Well now it needs to take drastic steps.

Stem the rupee circulation and raid all politicians' bank accounts with force.
 
Just to compare INR's performance with other Asian currencies, Thai Baht is currently going 2.01 INR to the Great Indian Rupee. LOL just think that in perspective, Thais can afford twice more than your Indians (not taking into account the huge wealth disparity within India unseen in other middle-class economies). My Gawd, there used to be times when I like would spend half of India's GDP in Thailand (ok that's a stretch but I did spend a hell lot).

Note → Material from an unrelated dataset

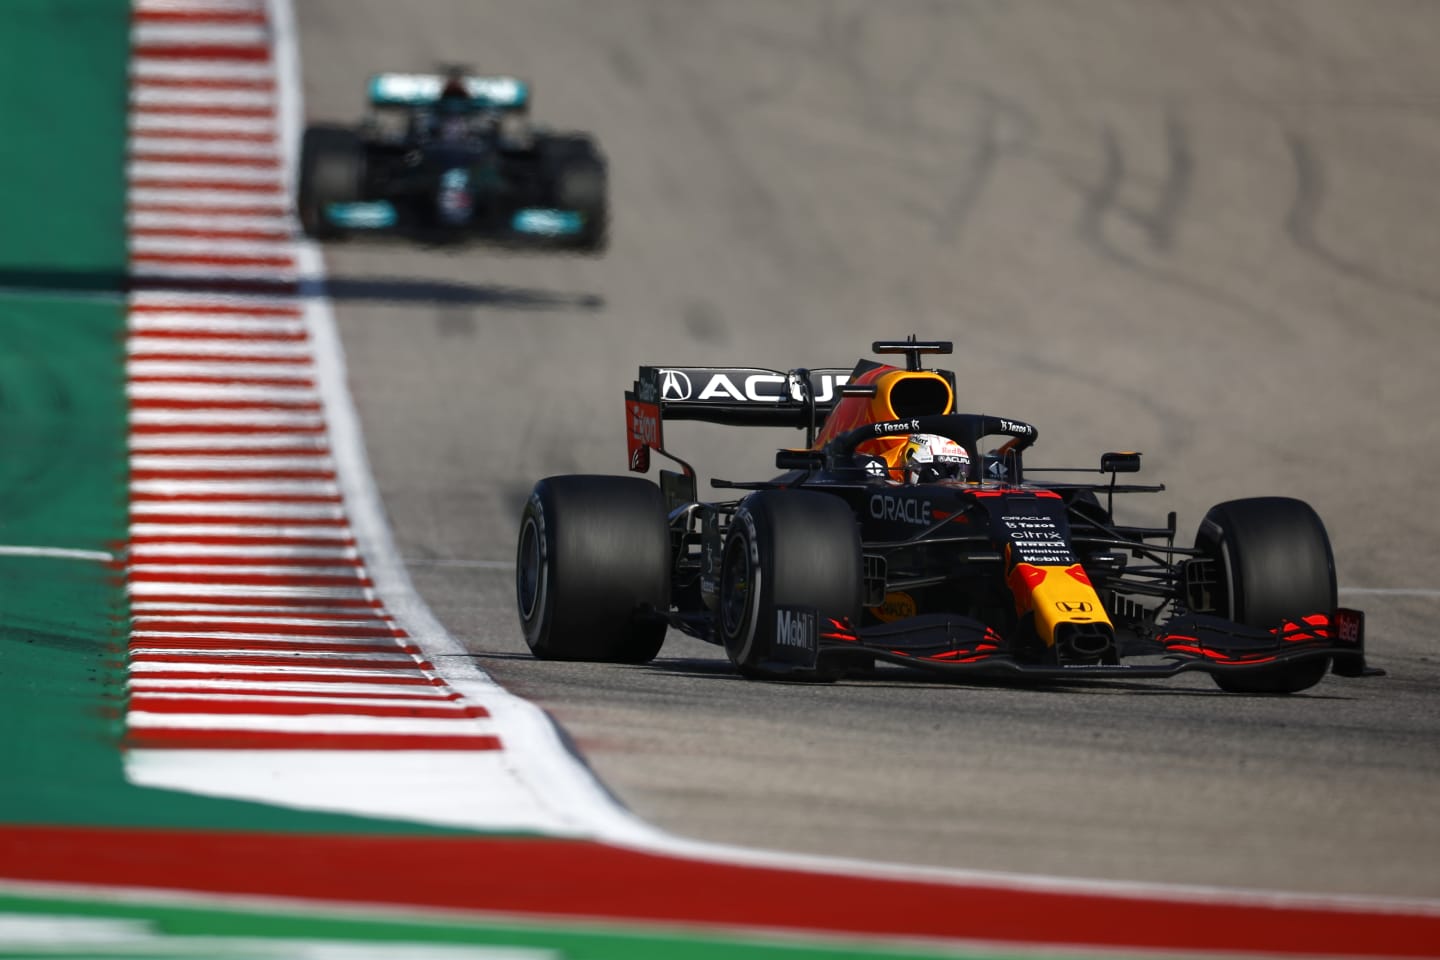 AUSTIN, TEXAS - OCTOBER 24: Max Verstappen of the Netherlands driving the (33) Red Bull Racing RB16B Honda leads Lewis Hamilton of Great Britain driving the (44) Mercedes AMG Petronas F1 Team Mercedes W12 during the F1 Grand Prix of USA at Circuit of The Americas on October 24, 2021 in Austin, Texas. (Photo by Jared C. Tilton/Getty Images)

Going by current downfall of rupee, it's obvious that even the most hideous hookers in Bangkok's Go-Go bars will be out of reach of poor Indian men :laughcry:

I think Indian economists should swallow the painful pill and ditch this freely floating status. Peg your pathetic Indian currency with some first world currency....USD, Euro, Pound, Australian Dollar or even Thai Baht :victory:
 
and when he does it will be sorrow all over India

It's a serious problem. Here's how it goes, as rupee continues with its infinite plunge, essential imports like Petroleum would cost a hell lot more. That would cause inflation and suddenly raise prices of all essential goods, eggs, milk, vegetables, stationery, cement, construction material you name it. In order to cope with inflation, people will stop spending and start saving more. That would stagnate the retail and services sector, everything from restaurants, bars, cinema would see a slowdown in customer uptake (maybe bars would see better business because people need something to cope with depression of a job loss).

Since noone's spending that much, banks will find it difficult to give loans. So they will be forced to raise interest rates on all home and personal loans.

I'm predicting at least 5-10 years of economic depression for India. Fact remains it's no longer an investor's paradise like it used to be in the past. There's been a lot of flight of capital from India to emerging destinations in APAC.
 
lolzzzz... welcome to the club ...... When u shale hands with West .... what do u expect ..... :)

Learn like pakistan? .... It is painful but it will have long lasting affect..... :)
 
lolzzzz... welcome to the club ...... When u shale hands with West .... what do u expect ..... :)

Learn like pakistan? .... It is painful but it will have long lasting affect..... :)

I think all you third world countries in South Asia and the despotic kingdoms of Middle-East, given your common wife-beating misogynistic cultures and medieval attitudes, could work out some arrangement, pool your lot together and form an exclusive economic bloc, trade only among yourselves. You know that thing about birds of the same feather flock together. :woot:That's exactly how each and every member of European Union has learnt to survive in difficult times. The US still does most of its trade with NAFTA (Canada and Mexico). Australia is like the concubine of Japan and United States.
 
Economy stares at crisis as rupee suffers worst single-day fall of 142 paise - The Times of India


Economy stares at crisis as rupee suffers worst single-day fall of 142 paise

MUMBAI: Policymakers may still be in denial but the Indian economy is clearly staring at a crisis with the rupee on Monday recording its sharpest drop ever in absolute terms to close at 63.13 — 1.42 paise down from its previous close against the dollar.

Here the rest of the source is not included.